What you need to do =
Transcribe this listing exactly; omit the pictures.

Exercise data =
⟨

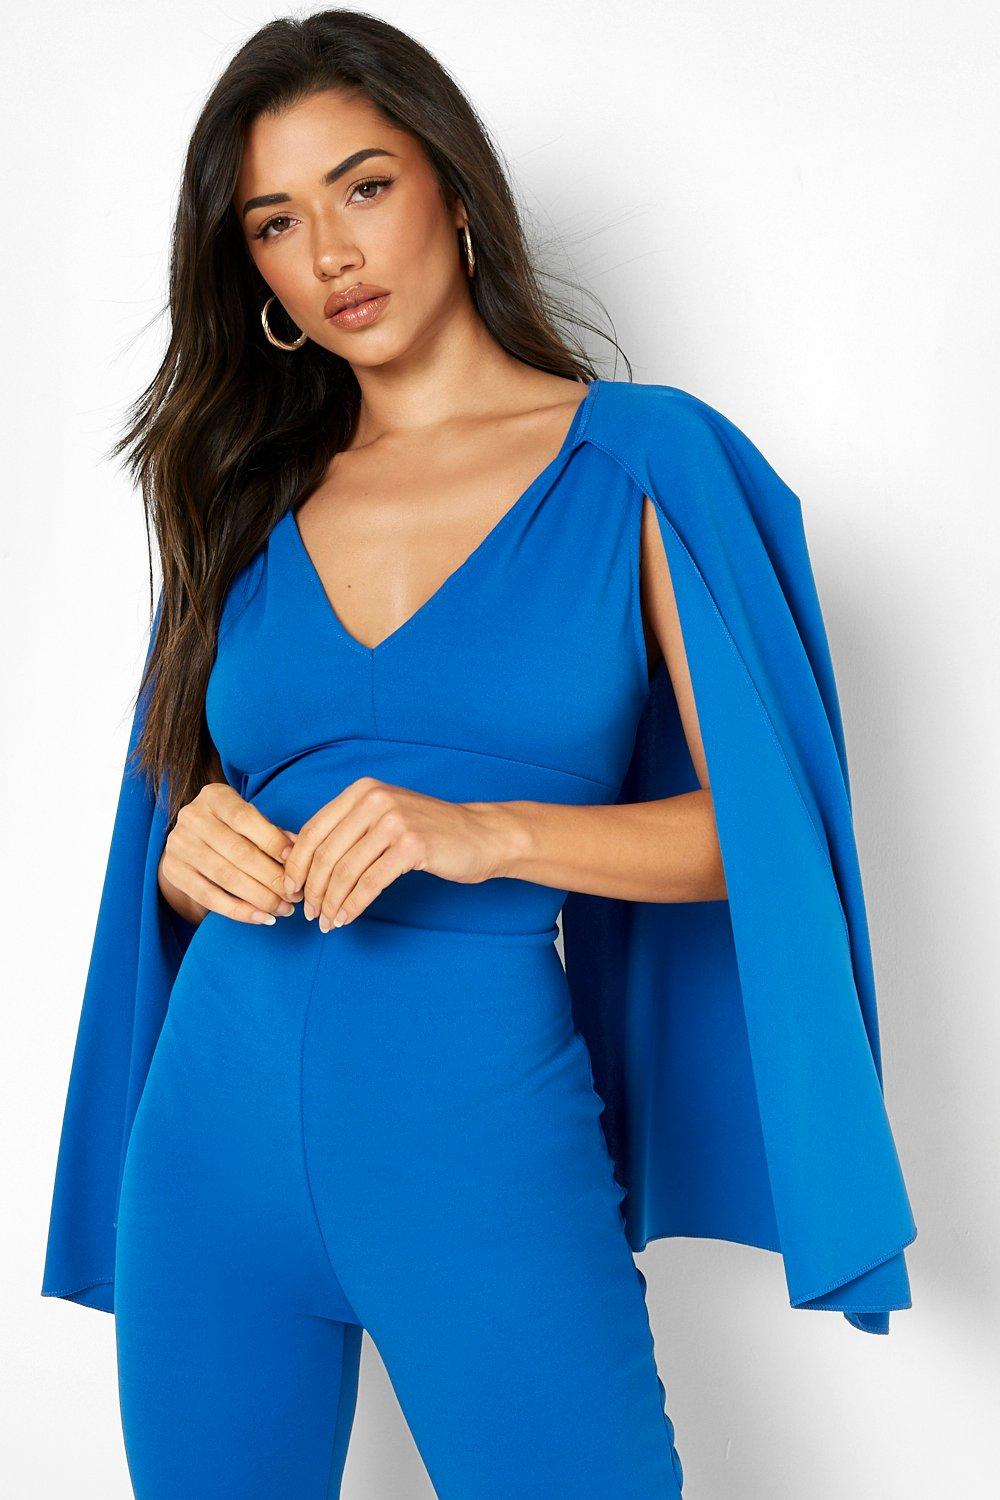 Royal Blue Plunging Neck Jumpsuit With Sleeves
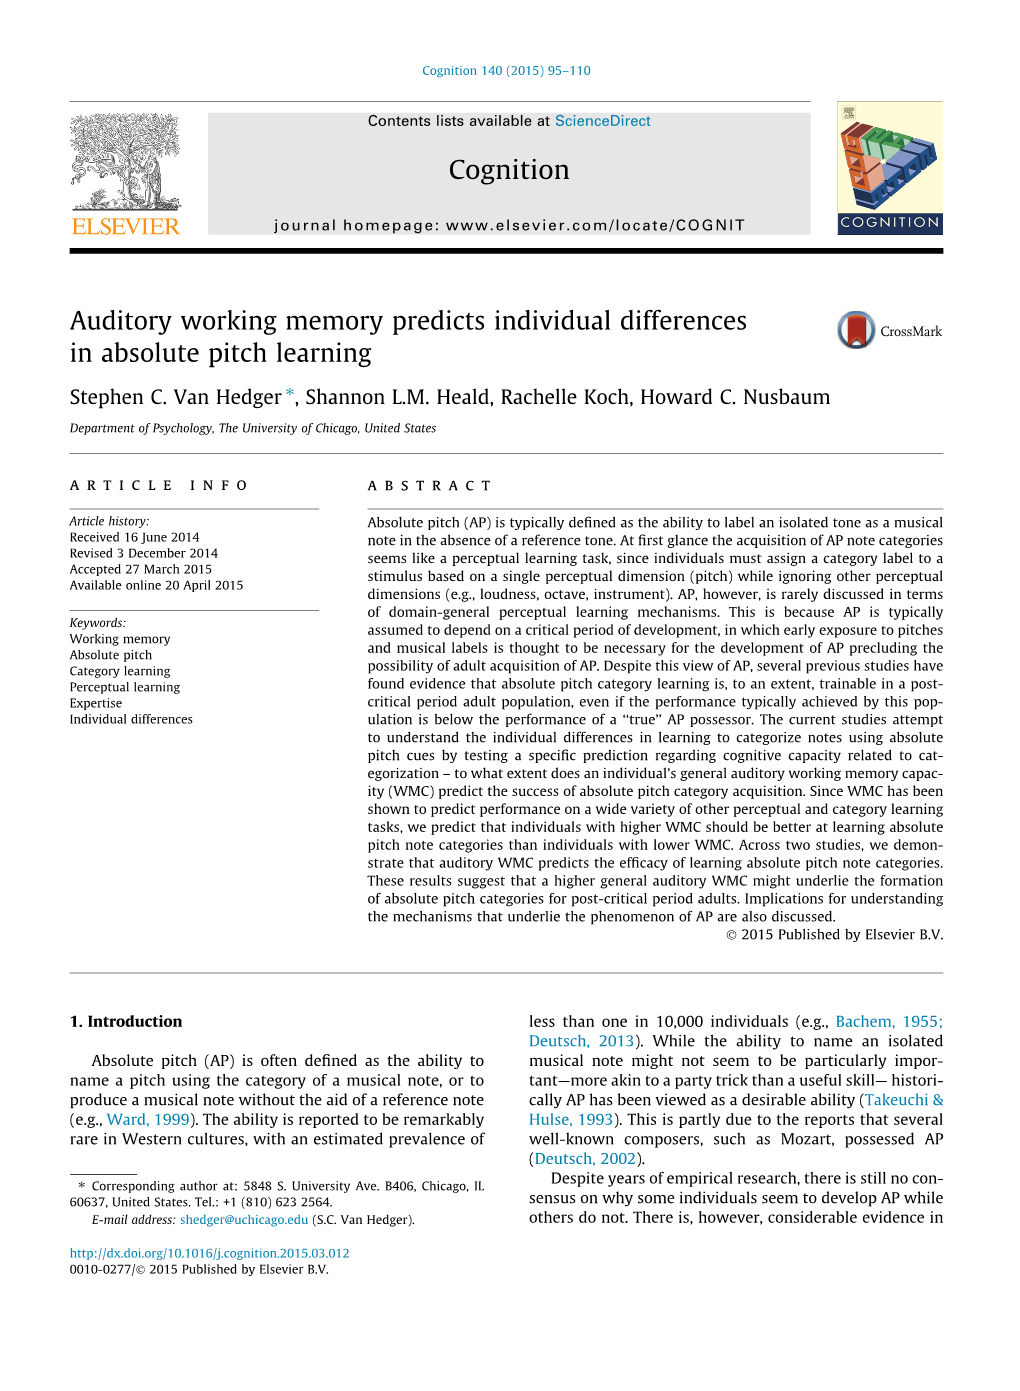 Auditory Working Memory Predicts Individual Differences in Absolute Pitch Learning ⇑ Stephen C
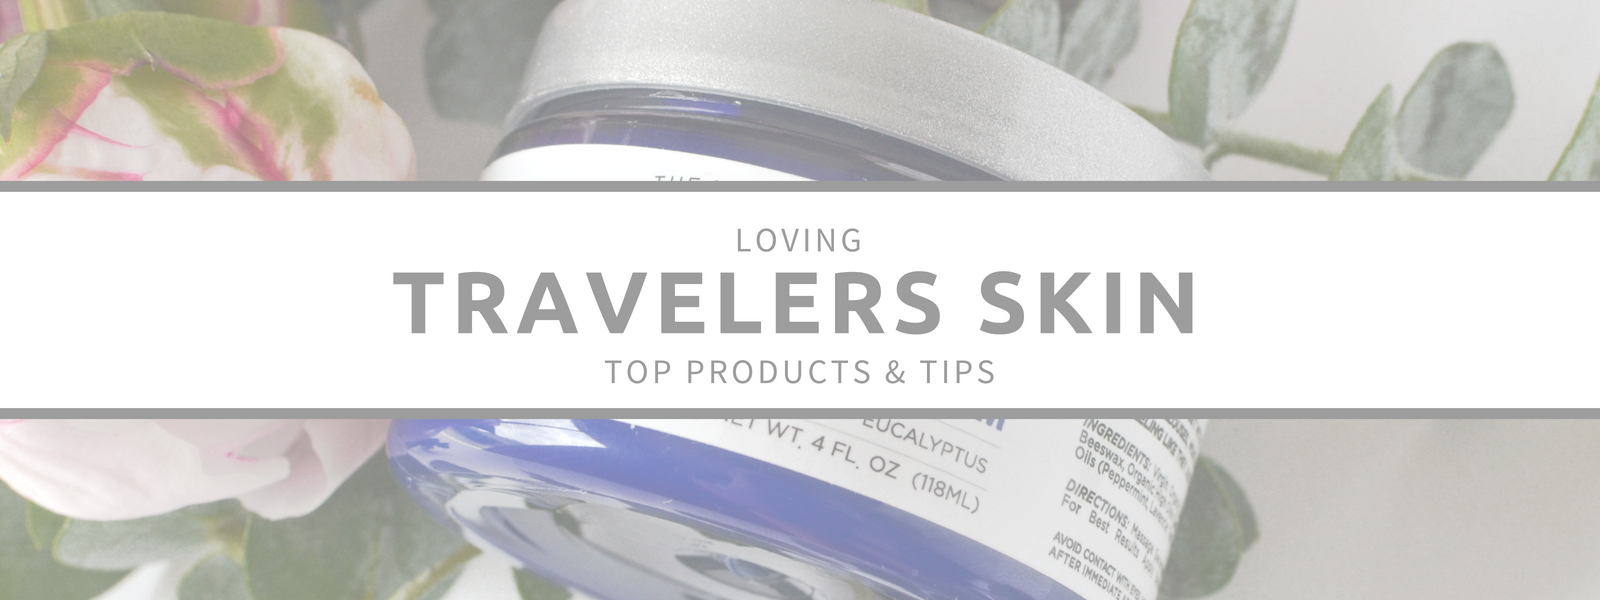 TRAVELER SKINCARE PRODUCTS

⟩

Response to this task =
 Royal Blue Plunging Neck Jumpsuit With Sleeves
 Auditory Working Memory Predicts Individual Differences in Absolute Pitch Learning ⇑ Stephen C
 TRAVELER SKINCARE PRODUCTS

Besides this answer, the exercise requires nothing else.